Dispersive qubit readout using a thermal cavity

Ondrej Cernotik

23 February 2015

The evolution of a qubit dispersively coupled to a thermal cavity that is countinuously monitored is given by the stochastic master equation $$ \mathrm{d}\rho = -i\chi[\sigma_z r_\phi, \rho]\mathrm{d}t+\kappa\{(\bar{n}+1)\mathcal{D}[a]+\bar{n}\mathcal{D}[a^\dagger]\}\rho\mathrm{d}t+\sqrt{\frac{\kappa}{2\bar{n}+1}}\mathcal{H}[(\bar{n}+1)a-\bar{n}a^\dagger]\rho\mathrm{d}W, $$ where $\chi$ is the qubit-cavity coupling, $r_\phi = (ae^{i\phi}+a^\dagger e^{-i\phi})/\sqrt{2}$ is a quadrature of the cavity field which couples to an environment with $\bar{n}$ thermal photons at a rate $\kappa$, $\mathcal{D}[O]\rho = O\rho O^\dagger-\frac{1}{2}(O^\dagger O\rho+\rho O^\dagger O)$ is a Lindblad term, and $\mathcal{H}[O]\rho = (O-\langle O\rangle)\rho+\mathrm{H.c.}$ is the measurment term. Since the QuTiP stochastic solver [1,2] treats the measurement operators also as Lindblad operators, i.e., corresponding to decay, it is necessary to rewrite the Lindblad terms in the stochastic master equation using the measurement operator. We have $$ \kappa(\bar{n}+1)\mathcal{D}[a]\rho+\kappa\bar{n}\mathcal{D}[a^\dagger]\rho = \frac{\kappa}{2\bar{n}+1}\mathcal{D}[(bar{n}+1)a-\bar{n}a^\dagger]\rho +\frac{2\kappa\bar{n}(\bar{n}+1)}{2\bar{n}+1}\mathcal{D}[q]\rho $$ with $q = (a+a^\dagger)/\sqrt{2}$ being the amplitude quadrature of the cavity field.
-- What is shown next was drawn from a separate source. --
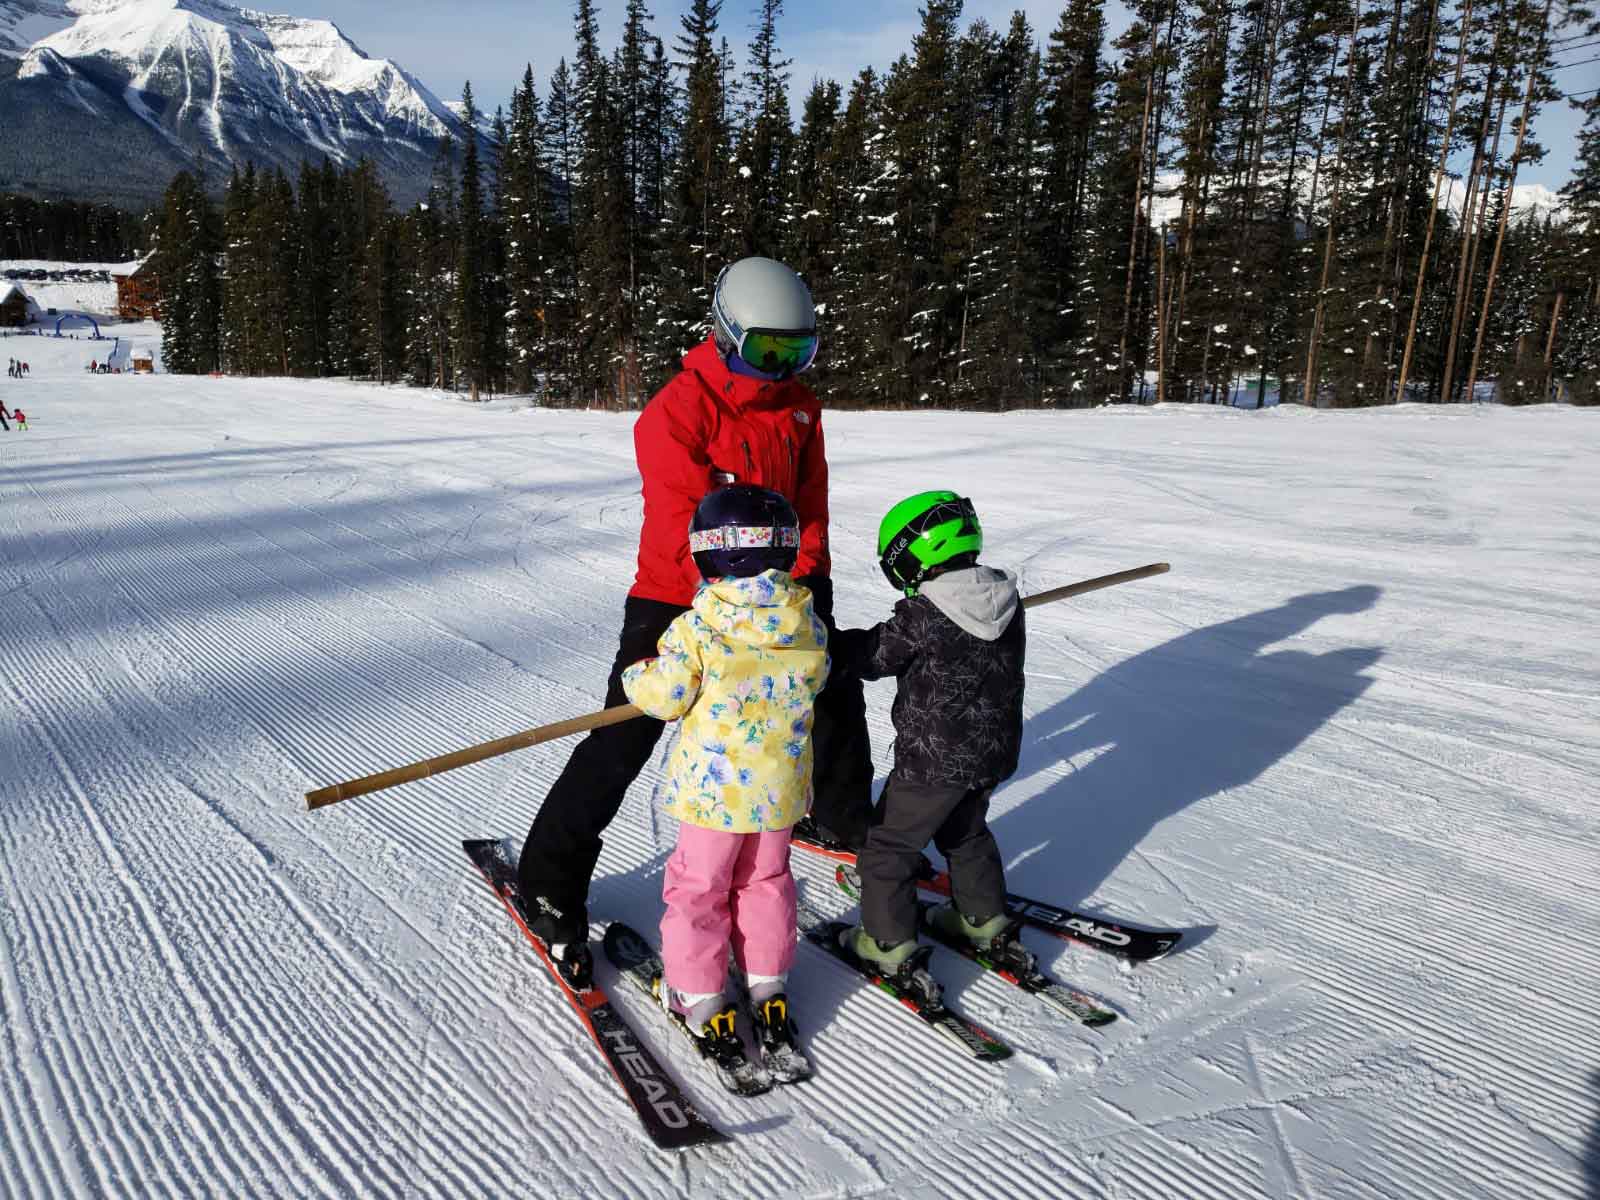 Jessica teaching the kids how to glide during their ski lesson at Lake Louise Ski Resort

When the cavity evolves on a time scale much faster than the qubit-cavity coupling, $\kappa\gg\chi$, its dynamics can be adiabatically eliminated from the equation of motion. Using Gaussian adiabatic elimination [3], the qubit dynamics is described by the equation $$ \mathrm{d}\rho_q = \frac{2\chi^2}{\kappa}(2\bar{n}+1)\mathcal{D}[\sigma_z]\rho_q\mathrm{d}t+\sqrt{\frac{2\chi^2}{\kappa(2\bar{n}+1)}}\mathcal{H}[-i(2\bar{n}\cos\phi+e^{-i\phi})\sigma_z]\rho_q\mathrm{d}W. $$ We compare this method of adiabatic elimination with results obtained by density operator expansion [4] (this method is, in fact, used only to obtain the measurement term; the decay has been obtained using projection operator method [5] to account for thermal noise), which gives the equation $$ \mathrm{d}\rho_q = \frac{2\chi^2}{\kappa}(2\bar{n}+1)\mathcal{D}[\sigma_z]\rho_q\mathrm{d}t+\sqrt{\frac{2\chi^2}{\kappa}}\mathcal{H}[e^{-i(\phi+\pi/2)}\sigma_z]\rho_q\mathrm{d}W; $$ see Ref. [3] for details.

The elimination methods and the exact solution are quantitatively compared using the trace distance of the two solutions. For a qubit, the trace distance of two density matrices is conveniently expressed using the expecation values of the Pauli operators $$ D(\rho_1, \rho_2) = \frac{1}{2}\sqrt{\sum_{i\in\{x,y,z\}}(\langle\sigma_i^1\rangle-\langle\sigma_i^2\rangle)^2}, $$ with $\langle\sigma_i^j\rangle = \mathrm{tr}(\rho_j\sigma_i)$. We use ensemble averaging to obtain an average trace distance for each elimination method as a function of time; additional time averaging gives a single figure of merit for the performance of the elimination methods.

References

[1] J. R. Johansson, P. D. Nation, and F. Nori, Computer Physics Communications 183, 1760 (2012).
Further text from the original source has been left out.